Где я живу и стелю постель. Этого я не могу забыть. Что хочешь забыть, не можешь забыть. Нужно только у кого-нибудь спросить – как? где? во сколько?, и улицы откроются, и разбитые шоссе заскользят, и следуй за ними. Но это обычно забывается, забыть это, стряхнуть с тополиным пухом в зените лета. Только спроси – во сколько? идет автобус в Минск. НИ ВО СКОЛЬКО. Как? туда попасть. НИКАК. Что? там нужно делать. НИЧЕГО. Так исчезает Минск. Так исчезают народные песни и дым костров. Они дымятся как шутки, испаряются как тени - - - - - - под сенью деревьев.

Уже смеркается. Магазины закрываются, остаюсь один между собой и дождливым днем. И насмешливый смех.
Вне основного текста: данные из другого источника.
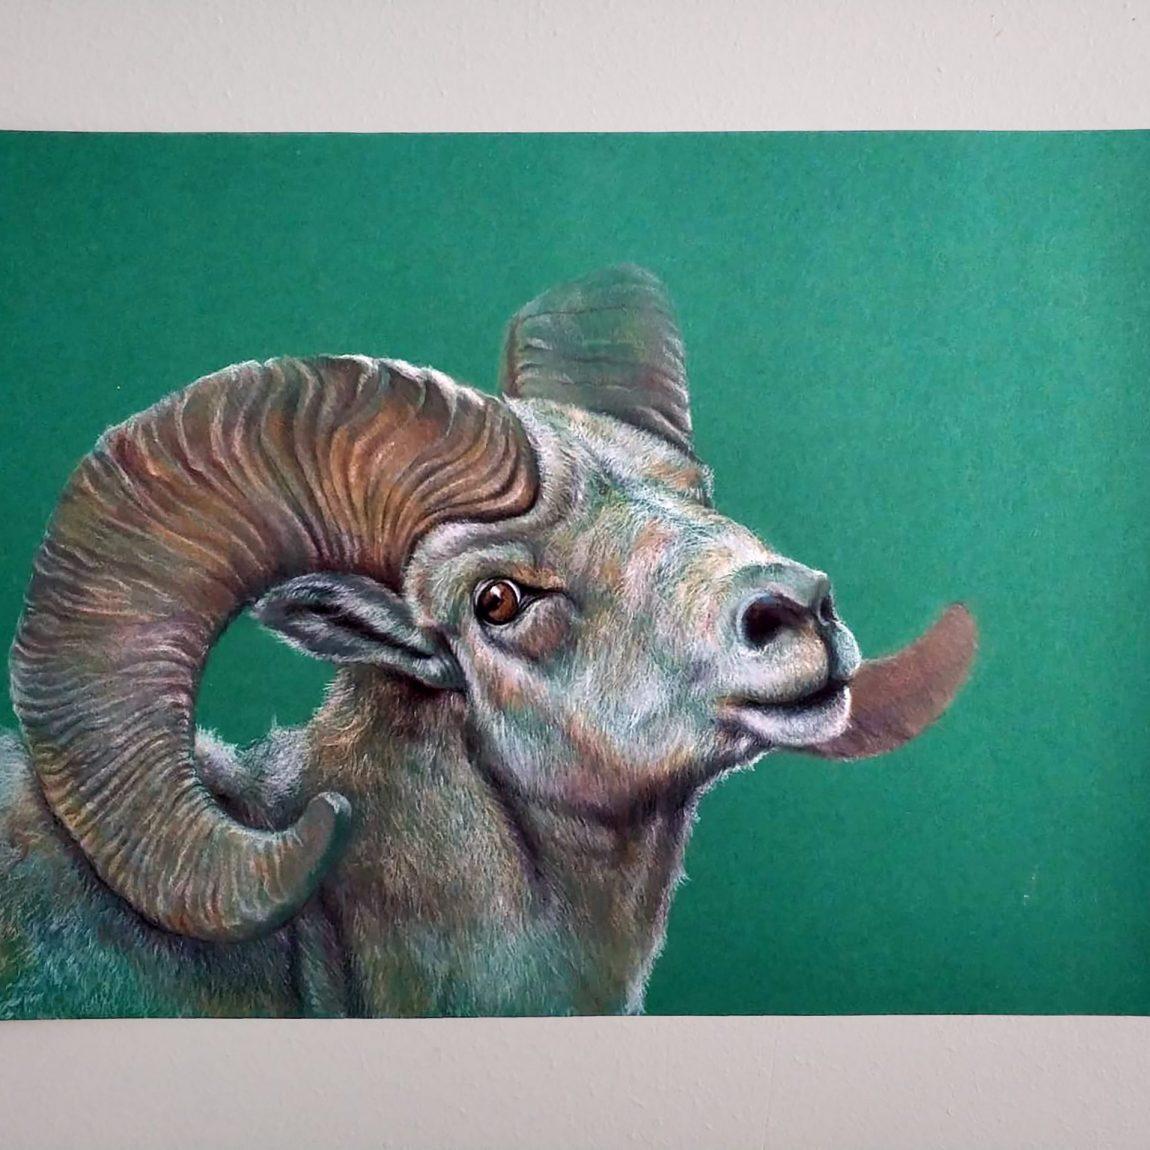 Yeşil Perde Önünde Yaban Koyunu -2020 Teknik: Kuru Boya Ölçü: 23,5X35 cm (2)

Кто напишет смех тот долго плачет кто плачет когда все видят тот все время смеется и смешливые глаза в которых он. Не надо. Не надо утверждать что все отличается. Не так. Меняет ли тень свой звук будучи в Гомеле, становится ли тротуар шоссе, когда он в Минске. Становится. Становится шоссе становится тенью. Становится сумерками тени, но никогда не свинцом каштана, под которым поддерживают разговор. И разговор живет. Разговора не может не быть, потому как без разговора умирает новая ментальность, она требует речи, требует вереницы ярких мгновений, требует светлого дня и требует коричневых каштанов. Свинец каштанов склоняется над автобусом на Минск. Как? туда попасть. Никак. И автобус пуст, лишь в тени кресел сидит Альгерт с обоженными углем руками.

>> >> >> >> >>

Если я рассказываю это тебе.
Если ты смотришь в окно на распускающиеся почки.
Какое тогда имеет значение где я. Я поеду домой. я чувствую что Белоруссия исчезла и мне больше нечего сказать. Нечего. Шрамы зажили. Темень заросла тополиным пухом. Этим закатным дням не будет продолжения. Я уже действую без них. Без ничего. Без никому нигде никуда он не идет он стоит в самом ЦЕНТРЕ Риги.

Больше ни слова. Больше тишина. Ни одного.

Куда мне спешить. Куда идут рельсы в подземелье. Под Минском где рождается другой Минск Минск можжевельника и рельс.